• [DATASET EXCERPT]:
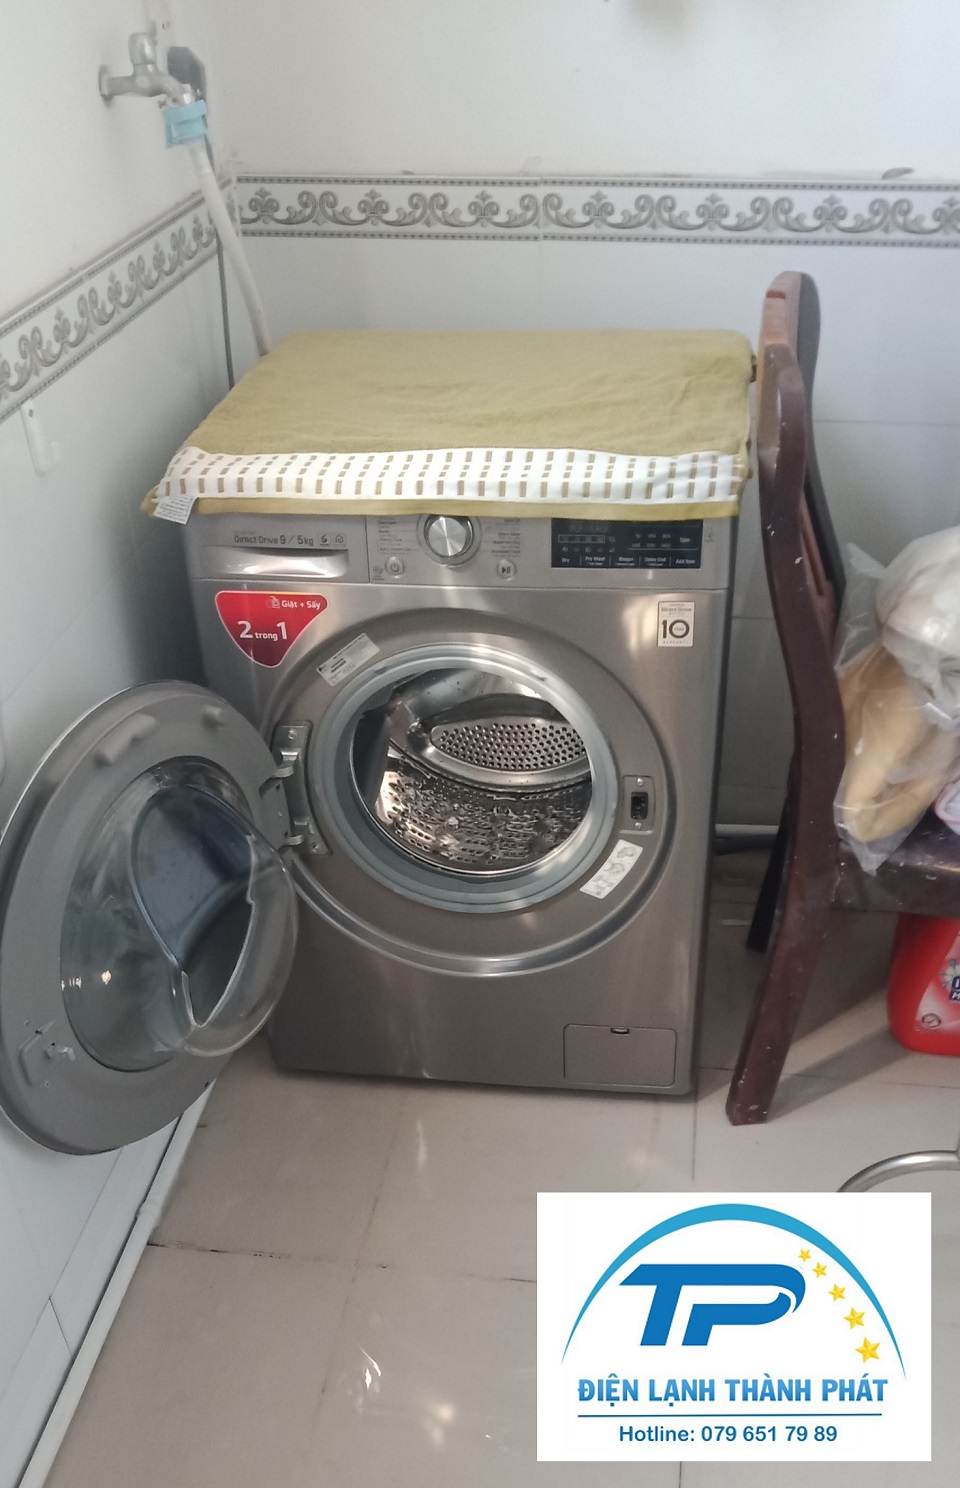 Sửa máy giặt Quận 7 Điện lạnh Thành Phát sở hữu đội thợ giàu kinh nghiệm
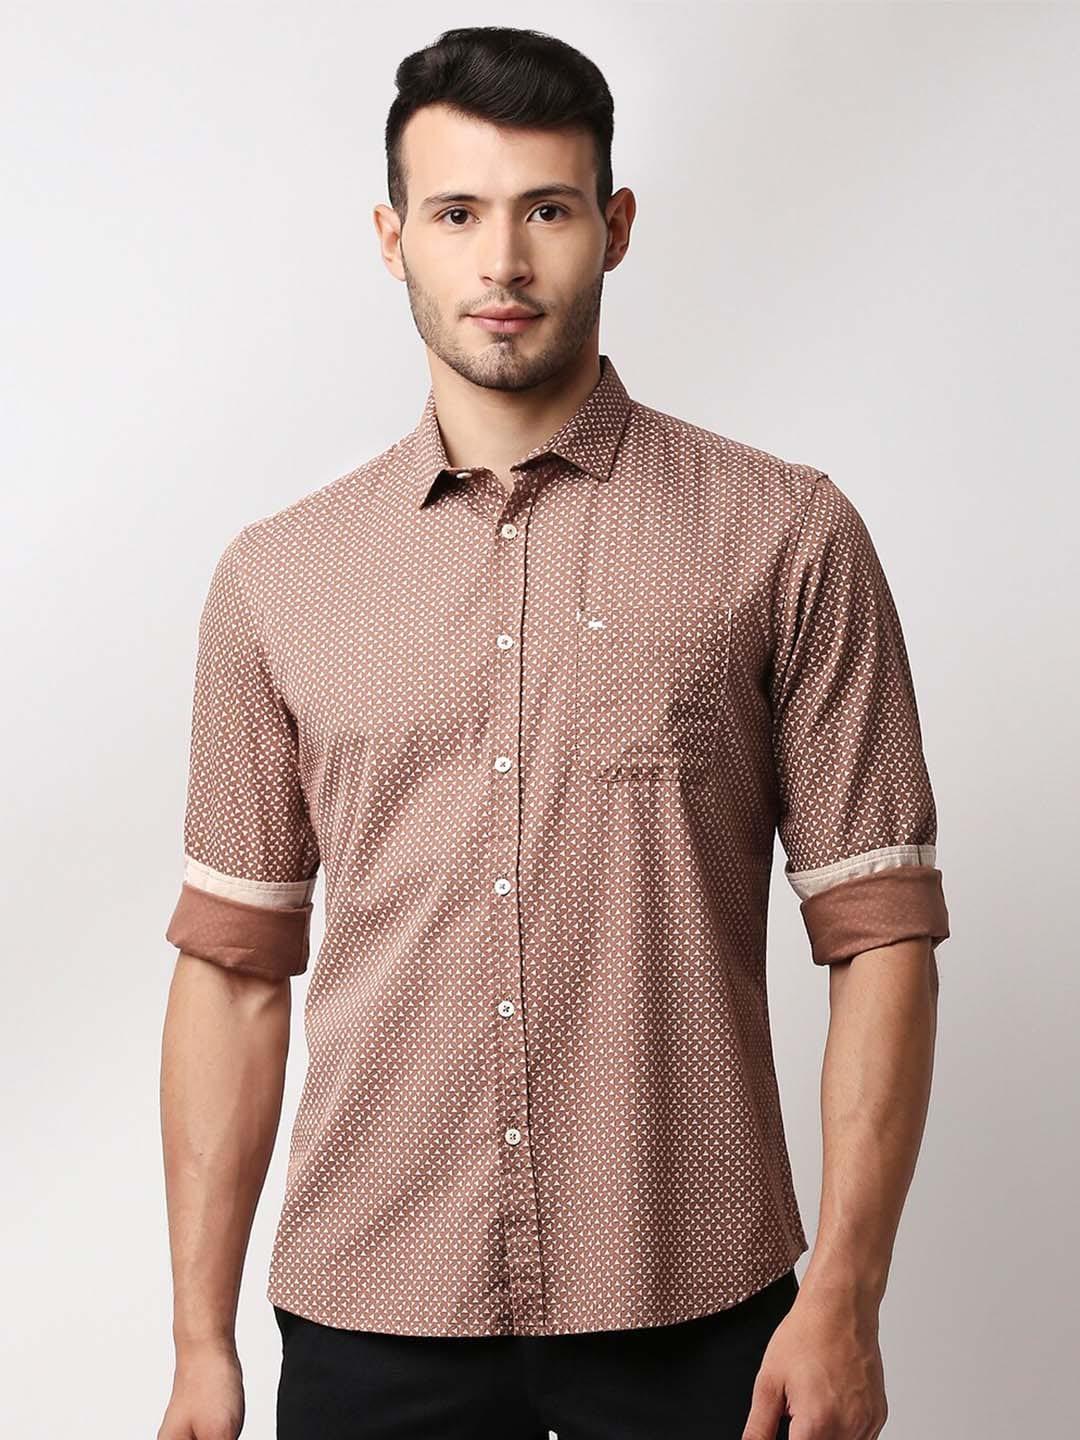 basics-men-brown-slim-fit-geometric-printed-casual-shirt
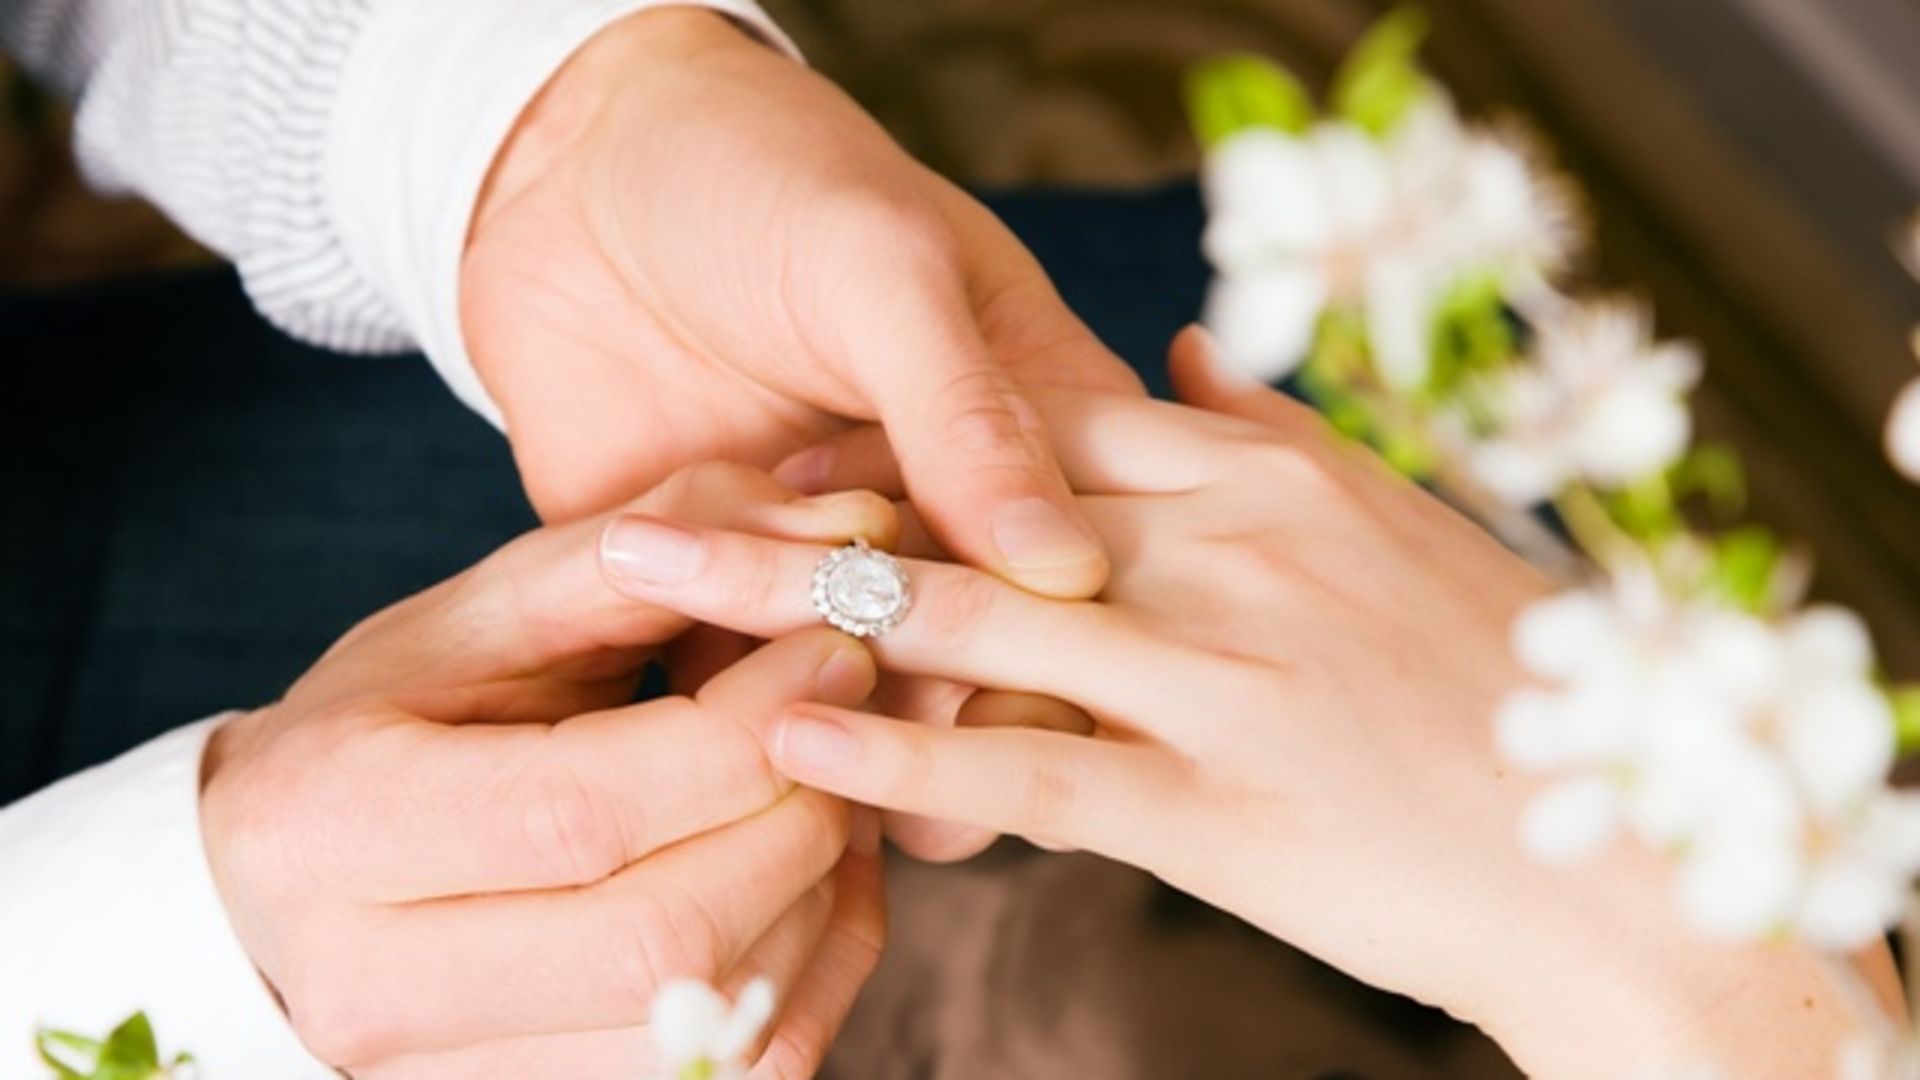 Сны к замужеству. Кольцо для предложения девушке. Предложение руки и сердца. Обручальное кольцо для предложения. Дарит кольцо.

• [DESCRIPTION OF THE TASK]: Restate the listing word for word, pictures excluded.

• [WRITTEN SOLUTION]:
 Sửa máy giặt Quận 7 Điện lạnh Thành Phát sở hữu đội thợ giàu kinh nghiệm
 basics-men-brown-slim-fit-geometric-printed-casual-shirt
 Сны к замужеству. Кольцо для предложения девушке. Предложение руки и сердца. Обручальное кольцо для предложения. Дарит кольцо.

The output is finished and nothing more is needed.